Ho raccolto le mie cose e me ne sono tornata a casa, a raccogliere le idee.
Il giorno successivo siamo tornati in ospedale, e io volevo trovare il modo
per scappare da quella situazione. Lo psicologo dell'Ospedale, un vero
deficiente, ci ha detto che potevamo anche non riconoscerla. Ecco, quella era
la strada! Non l'avrei riconosciuta. Era meglio anche per la bambina,
tanto non mi sentivo assolutamente capace di amarla e di accettarla. Come l'avrei
cresciuta?
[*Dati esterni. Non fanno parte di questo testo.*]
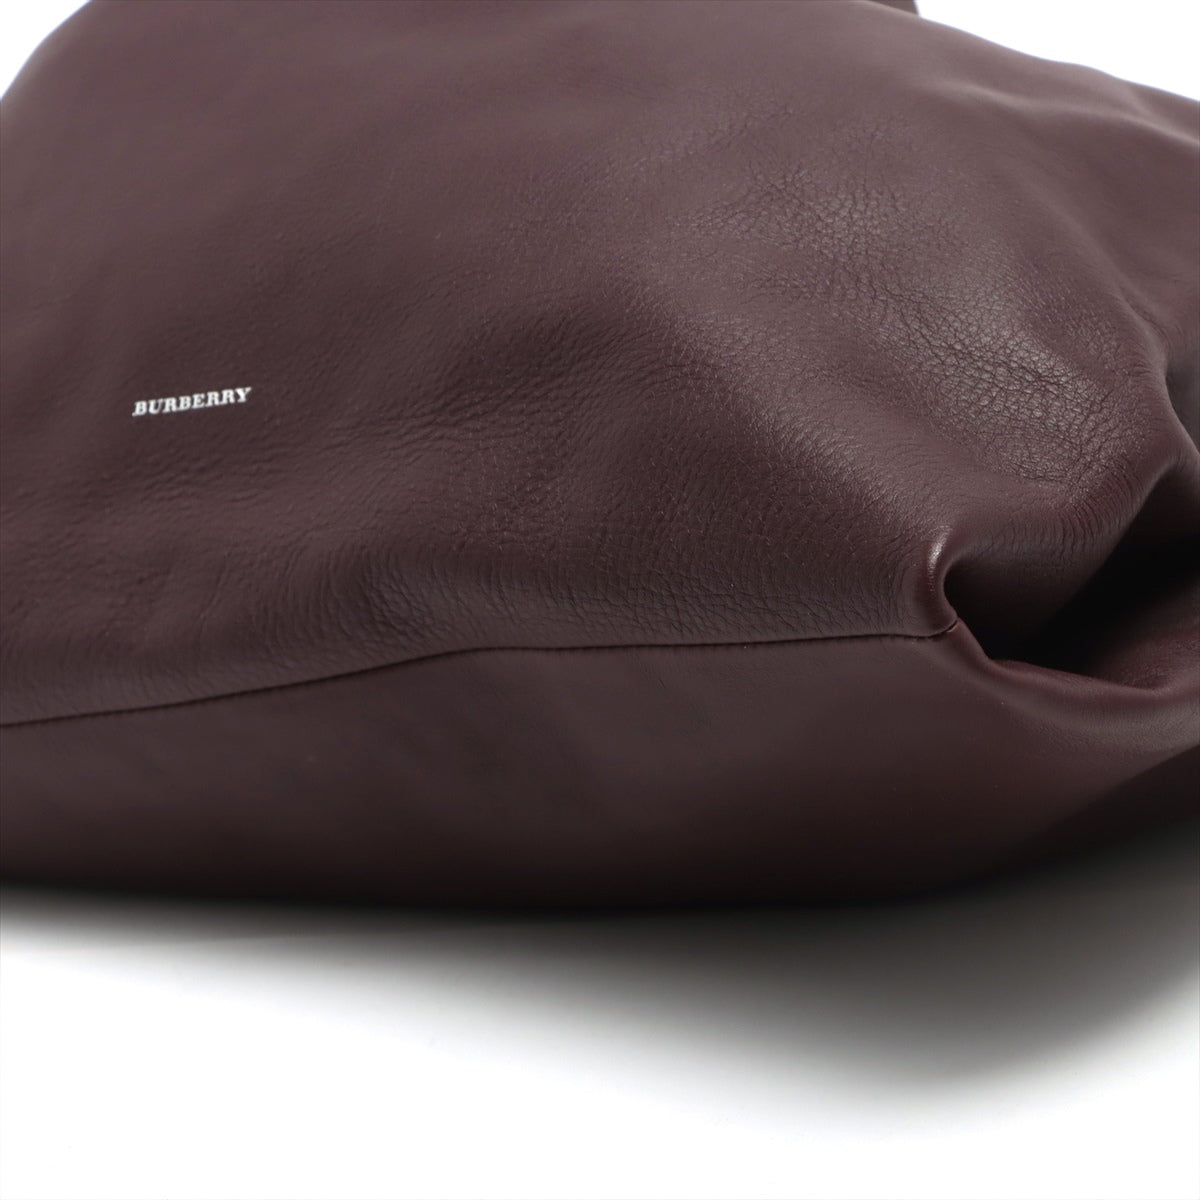 Burberry Leather Shoulder bag Bordeaux

Non se lo meritava, in fondo, così piccolina e indifesa,
senza nessuno che le voleva bene.
Poi, con il passare dei giorni, ci siamo un po' tranquillizzati. Andavamo
a trovare la bimba, che mi faceva sempre una gran tristezza, così "spenta" rispetto
ai pupetti tutto pepe che c'erano nella neonatologia. Ci metteva tantissimo
a mangiare dal biberon, non si attaccava al seno. Sembrava che non avesse stimoli
a vivere. Abbiamo deciso di tenerla, ma non è stata una scelta derivante
da un improvviso amore per la bimba. Semplicemente ci abbiamo ragionato: avremmo
avuto altri figli, ci saremmo impegnati per crescerla al meglio.
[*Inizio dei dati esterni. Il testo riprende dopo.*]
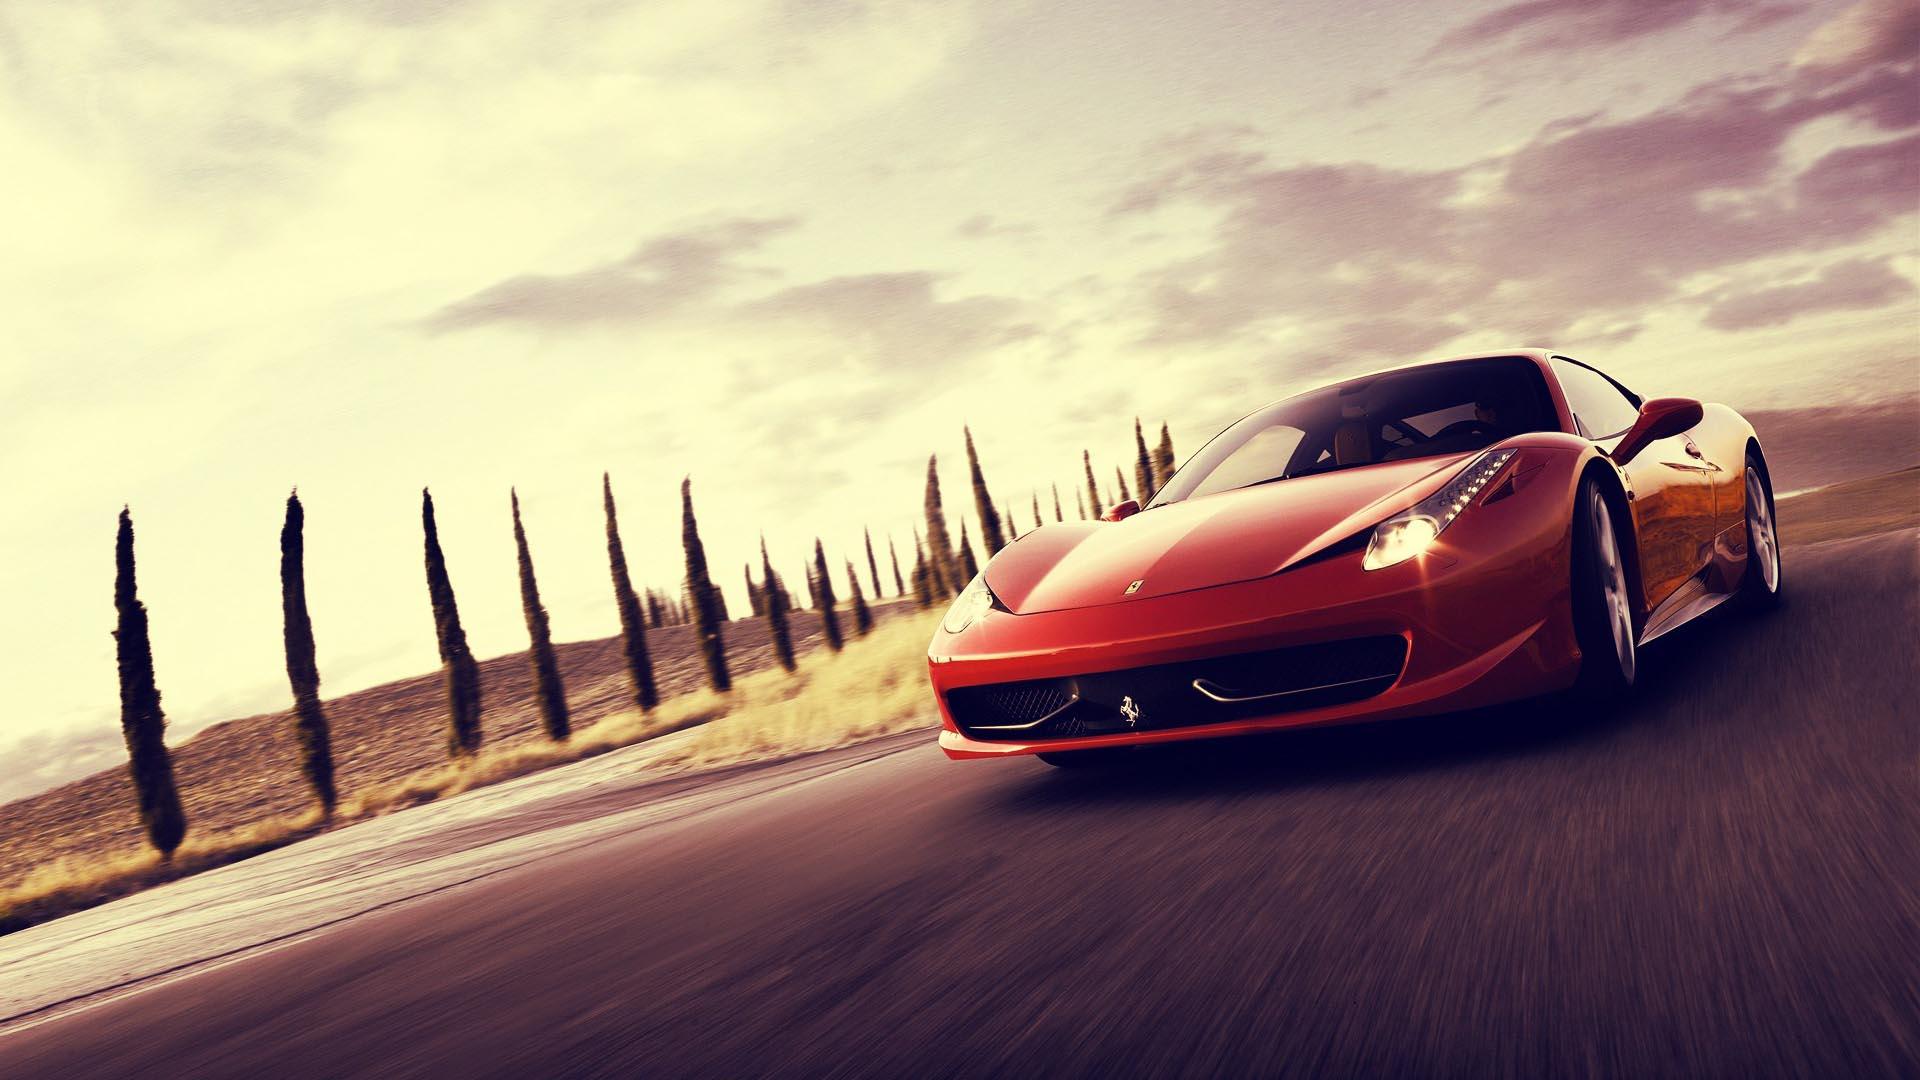 Vehicles For > Red Ferrari Cars Wallpaper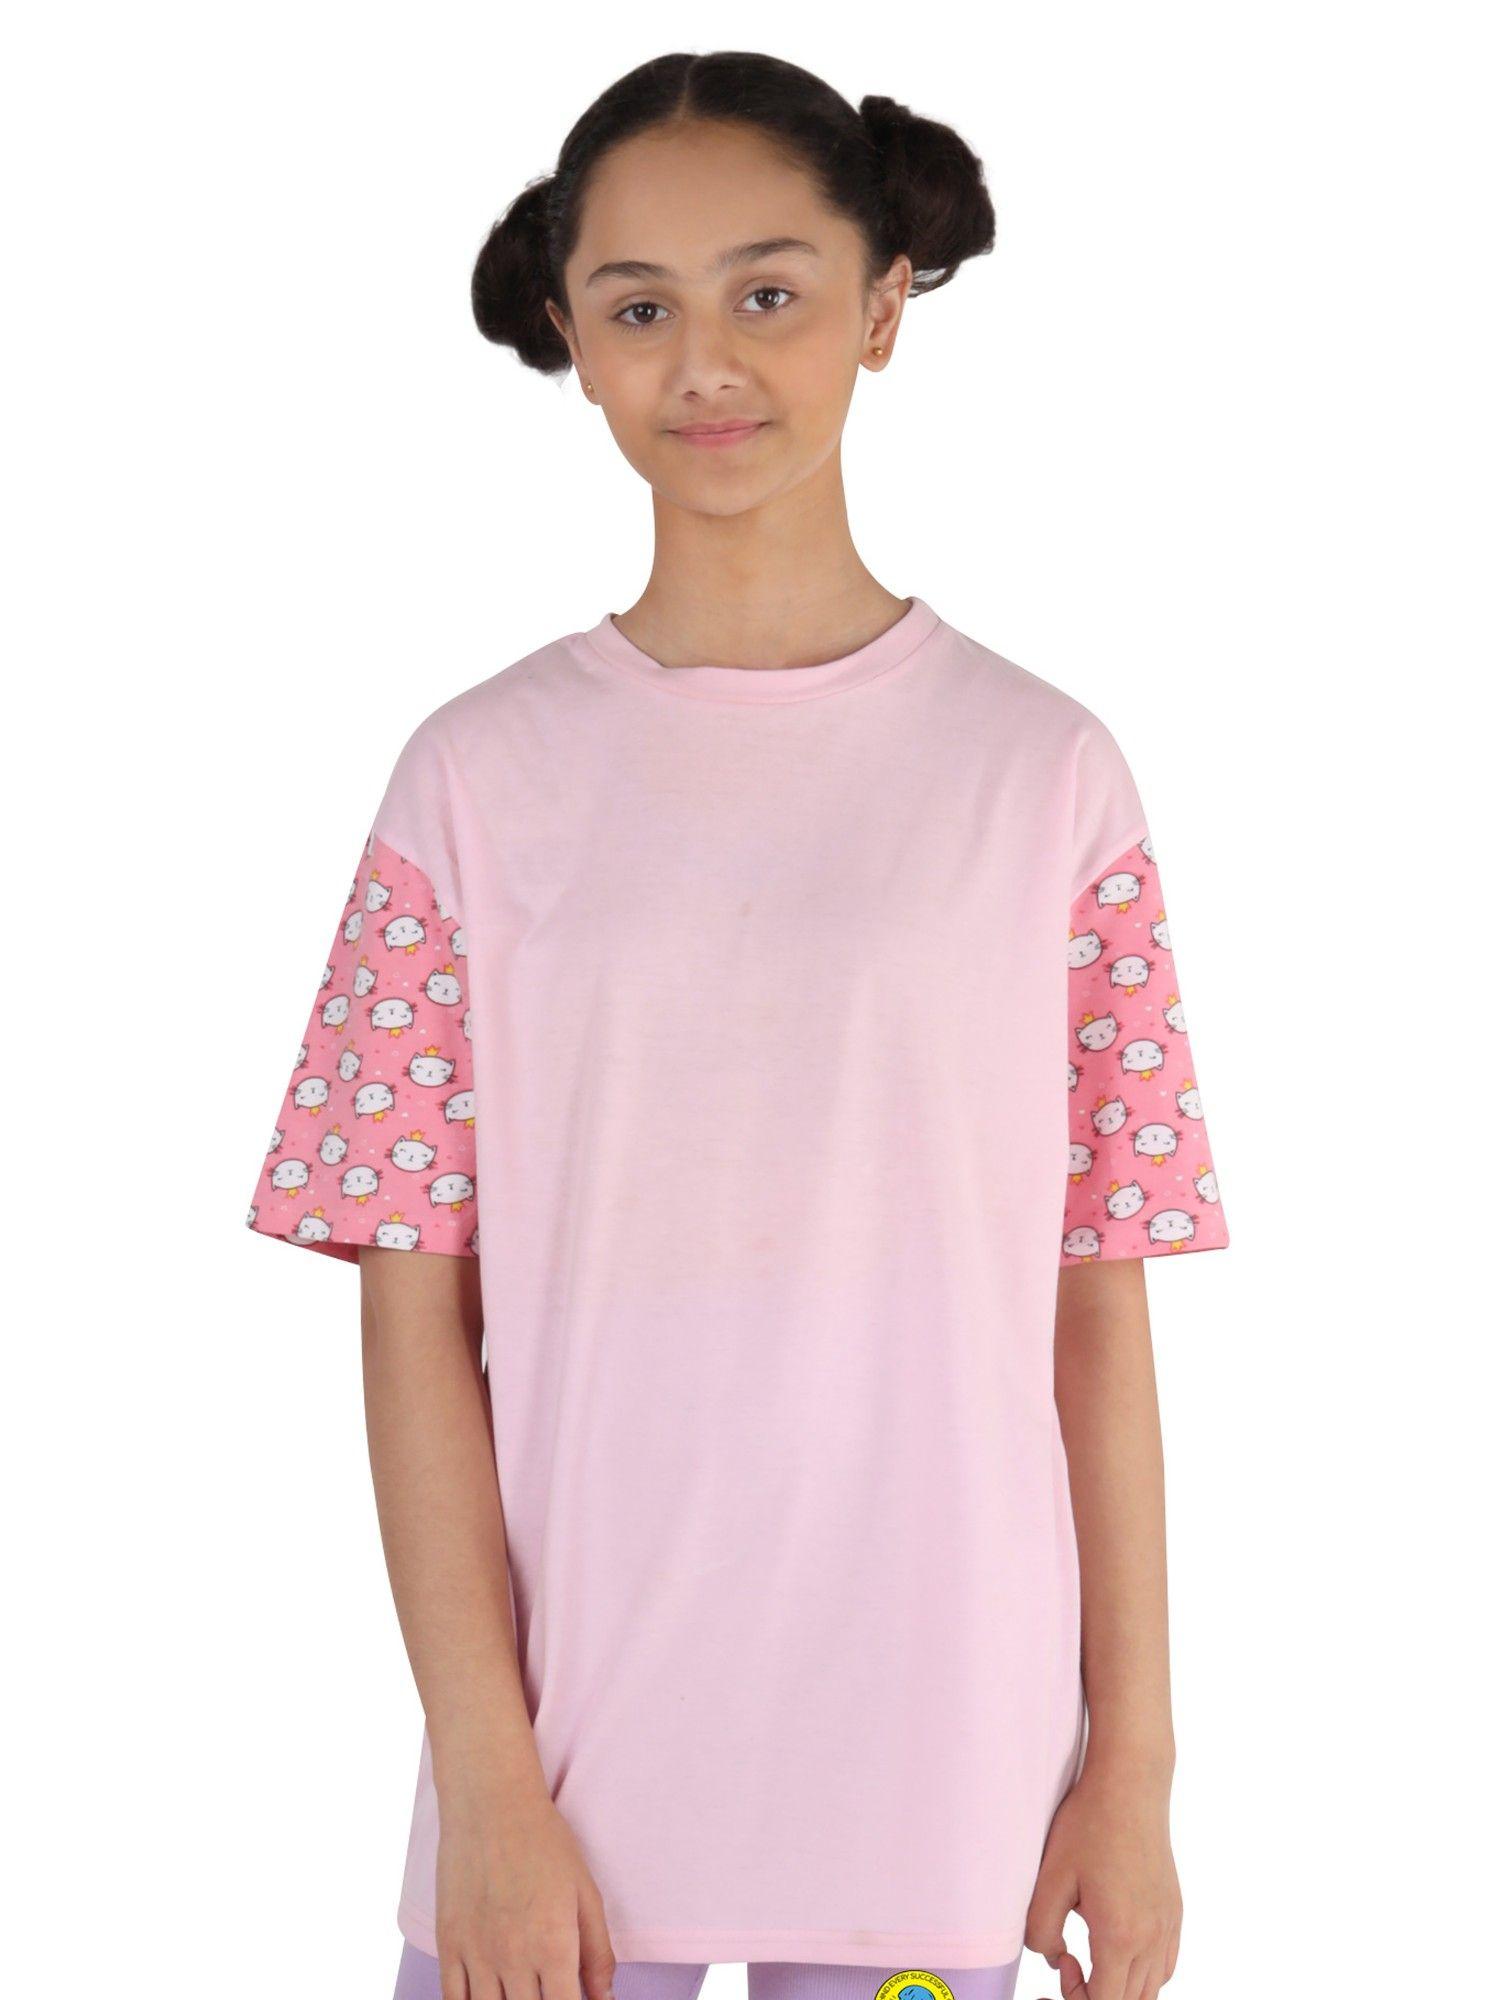 Girls Pink T-Shirt Printed

Piano piano, con le cure familiari, Lucri ha iniziato a "svegliarsi" e
diventare sempre più vitale. I primi sorrisetti sono arrivati presto
e, nonostante tutto, ci hanno riempiti di gioia. Abbiamo passato una bella
estate insieme alla nostra bambina, che era molto buona e ci lasciava riposare
(poi l'abbiamo ripagata nei mesi successivi…). Ci siamo ricaricati
bene, e questa bella atmosfera ha favorito l'attaccamento. Con lei però è stato
un processo graduale, cerebrale. Non c'è mai stato l'idillio,
l'innamoramento assoluto e irrefrenabile come è successo con la
seconda figlia.
Ci sono stati tanti momenti difficili, nella crescita di Lucrezia. Alcuni momenti
belli, ma anche tante giornate no. Spesso ho continuato a pensare a come sarebbe
stata la nostra vita senza di lei. Di certo ci ha maturati, ci ha fatto apprezzare
di più le piccole cose della vita. Ma quanto sarebbe stata più facile!
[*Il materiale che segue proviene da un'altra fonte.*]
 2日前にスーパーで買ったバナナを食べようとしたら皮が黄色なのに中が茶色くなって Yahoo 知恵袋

Crescere un bambino "normodotato" dopo uno con sdd è una
vera passeggiata. Ancora adesso ci penso, nonostante che stiamo attraversando
un momento molto bello. Con la sorellina sono molto affiatate, giocano tantissimo
e ci fanno spesso ridere. Virginia è una meraviglia della natura, piena
di passione e di iniziative, e la sorellona la segue con entusiasmo e con sguardo
materno. Virginia, inoltre, la tiene molto in considerazione: chiede sempre
la sua opinione e continua ad insistere finchè lei non risponde. Questo
la inorgoglisce molto.
Inizia a parlare discretamente, e ieri mi ha raccontato un suo sogno: "mamma,
ti devo dire una cosa. Ero in un castello pieno di gelati. C'era mamma,
nonno Gino, nonna Maria. Babbo no.". "E tu quanti gelati hai mangiato?". "Taaaanti
tanti. No, solo quattro!". E' appena arrivata in casa tutta contenta
con una torta al cioccolato "comprata al Sorno", come ha detto
lei.
Credo che Lucrezia sia una bimba felice, noi siamo sereni. Per il momento non
chiedo niente di più alla vita. In attesa di Anita.
In bocca al lupo a tutti i neogenitori.